An analysis of the ion release results indicated that the contents of Ca, P, and Zn ions were significantly higher in the experimental groups than in the control group. Increasing the Zn-ion content was correlated with a decrease in the number of C. albicans isolates. Zn is an important mineral that plays a role in microbial inhibition24. Furthermore, the antibacterial activity of Zn ions and the binding action of Ca, P, Na, and Si ions stimulate the assimilation reaction44. These constructive effects depend on the concentration of Zn ions released; in previous studies, they were prominent at low concentrations and were exponentially suppressed as the zinc oxide content of the glass increased29. This is consistent with the results of this study, in which PMMA containing Zn-PBG exhibited an antimicrobial effect against C. albicans. However, the results of the present study reflect the effect of glass composition on ion release from a commercially designed PMMA system. Considering the above points, a modified resin matrix system could be developed that accounts for absolute ion release and related limiting dose while factoring possible adverse effects.

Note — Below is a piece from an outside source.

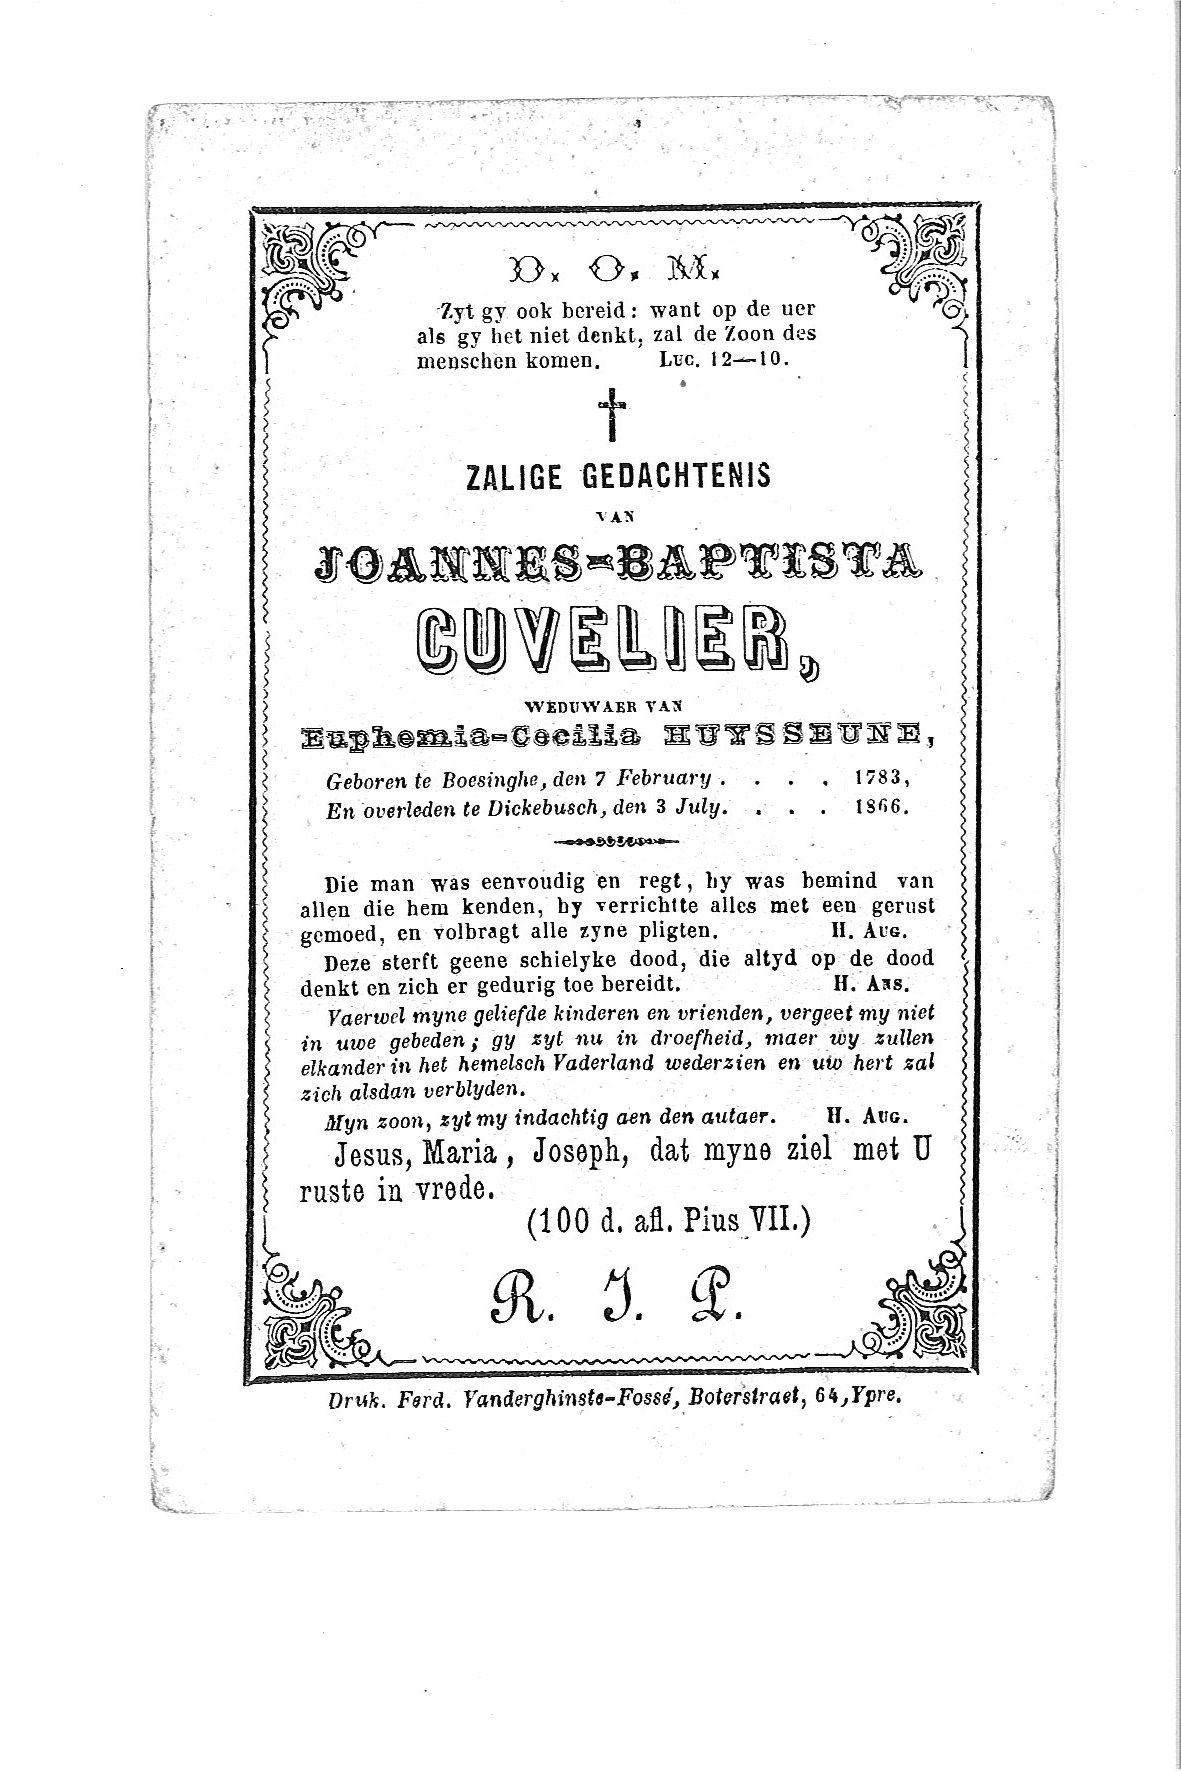 joannes-baptista(1866)20090323101150_00021.jpg

Our results can be utilized as basic data for the development of auto-polymerized acrylic resin with antimicrobial effects in the future. Furthermore, with an optimal concentration deduced from the results of the present study, future application with heat and microwave assisted denture base resins can be examined. However, long-term experimental studies are required to evaluate their clinical use. Cytotoxic tests and long-term studies of the durability of the antimicrobial effect must be performed, and the findings presented here should be confirmed by experiments conducted in vivo.

Conclusion

In this study, an auto-polymerized acrylic resin containing Zn-PBG was fabricated, its physical and mechanical properties were measured, and its antimicrobial activity was confirmed. The main conclusions are as follows:

  1. 1.

    The addition of Zn-PBG did not result in loss of flexural strength, modulus of elasticity, hardness, or contact angle.

  2. 2.

    The C. albicans colony formation decreased as the Zn-PBG content increased.

  3. 3.

    The number of Ca, P, and Zn ions released increased as the Zn-PBG content increased.

Thus, incorporation of Zn-PBG into the auto-polymerized acrylic resin inhibited colonization by C. albicans without decreasing the overall physical and mechanical properties.